The Rabbis in the South get their own moment on the morning radio broadcasts and so forth. They get their part of it. They hold … typically hold in these towns across the South a Seder during Passover, in which the whole community is invited. I’ve talked recently with several Rabbis who were head of the Ministerial Association in Louisiana towns … I mean it’s, it’s quite extraordinary. And, of course, the feeling for Israel.
HEFFNER: Do I gather from what you’ve just said, that your answer would be “yes” to the ancient question, that as I was growing up here in New York City …the question always was … great public issues … “is it good for the Jews?”.
EVANS: MmmHmm.
HEFFNER: Are you suggesting that Lieberman’s nomination, campaign was good for the Jews?

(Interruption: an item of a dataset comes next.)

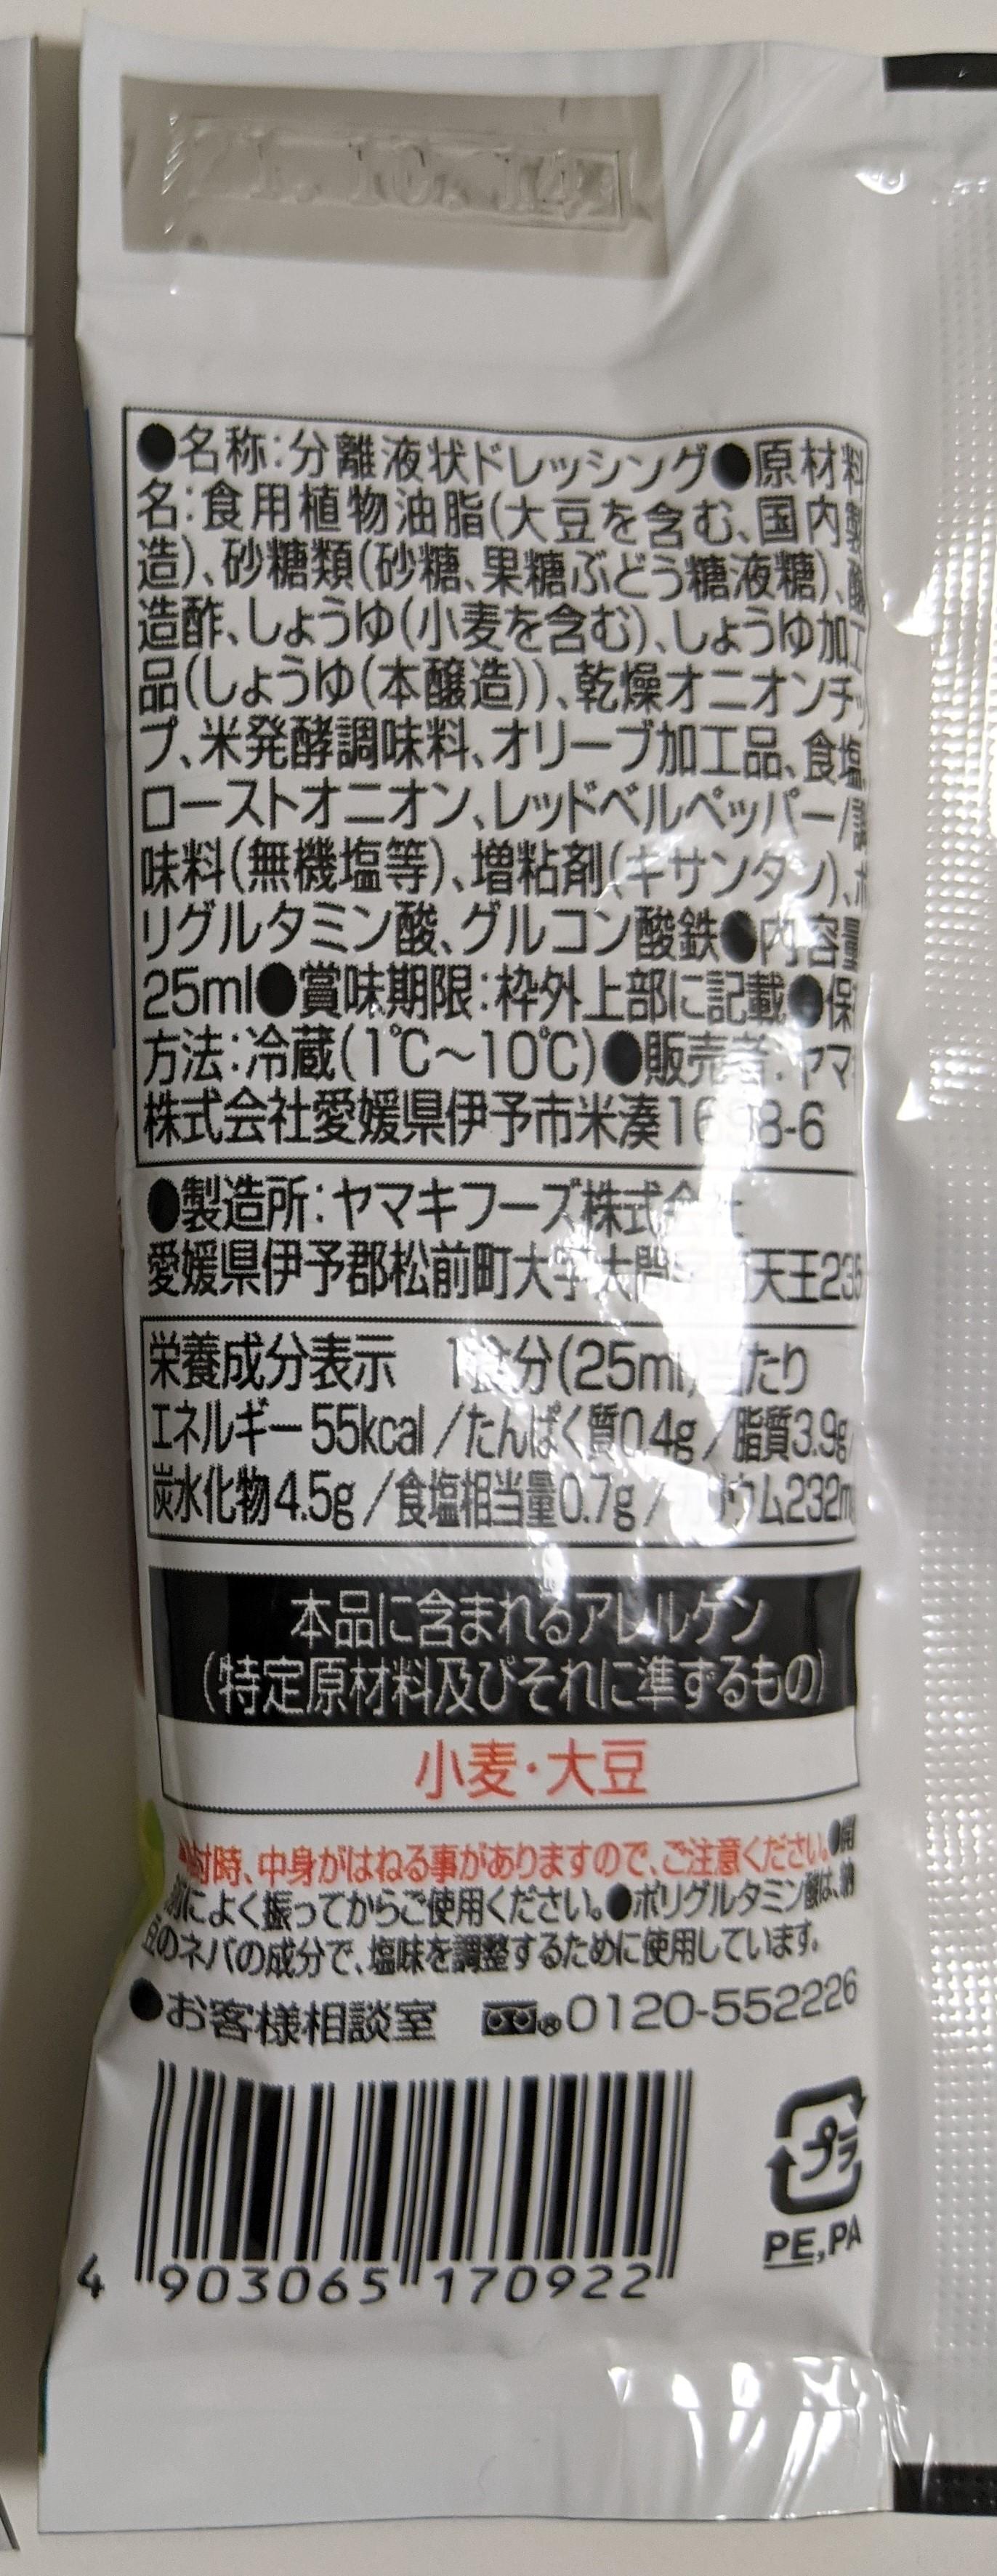 Family Mart Reduced-Sodium Japanese Dressing back of package

EVANS: I think it was, overall.
HEFFNER: For this reason?
EVANS: For this reason, number one and for another reason about which he’s been widely criticized by, by people because he talked openly about religion as he campaigned … something that Kerry did not do this time and might have been well advised to do. But let’s leave that aside.
One of the most interesting things about Lieberman was his openness about religion in the South. And when I try to explain this to others, I say “What was he to do?” I mean here he was as the Jewish candidate … the first religiously Jewish, Orthodox Jewish candidate to run for a national office … I think it was incumbent on him to explain himself so that people would understand.

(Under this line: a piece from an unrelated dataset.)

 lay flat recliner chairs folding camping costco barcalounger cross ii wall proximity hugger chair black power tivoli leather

This was a profound mission … to me … and watching it. I have a 20 year old son and I remember calling him when … at the night of the Democratic nomination and I’d called him and I said, “I want you to really watch this, because something profound is really happening.” Which is that the Democratic Party is … he was at college at the time … the Democratic Party is nominating an Orthodox Jew for Vice President. And very openly Jewish. And he said to me, on the other end of the phone, “Dad, that is really cool”. You know. Yeah, I think it had a big impact on Jews, as well
HEFFNER: There were certainly a lot of Jews who felt contrary-wise.
EVANS: Very uneasy and it was, it was very generational, in my insight into it. Anyone of our generation would have to be uneasy about it. And there certainly was among convention politicians, who’d never dealt with an issue like this … I think it would be the same … it was the same when, when the Democratic Party nominated Ferraro, or when the … when there was a Black elected Mayor of Los Angeles and Mayor of New York. Or when a Catholic was elected President. My father helped run the Kennedy campaign in North Carolina in sixty. And they carried it for Kennedy in, in 1960 and he was always very proud of that. And one of the reasons was … that something was asked of religion in America, when America was born. Of … I want to talk about that history because it is relevant.
HEFFNER: Tell me what you mean.
EVANS: In … I’m going to tell two stories here … one is in Charleston, where there were more Jews in 1800 than there were in any other city in America. And the reason was that John Locke had drafted the Constitution as a favor to the British and John Locke, of course, believed in the natural dignity of man. He was the godfather of Thomas Jefferson, the inspiration for the Founding Fathers.
So in the, in the Constitution for the City of Charleston, State of South Carolina, Jews could vote, they could own land, they could leave money to their heirs, they could go in business with gentiles and non-Jews. They could be in the militia. They could serve in public office. A whole range of questions that was new in history.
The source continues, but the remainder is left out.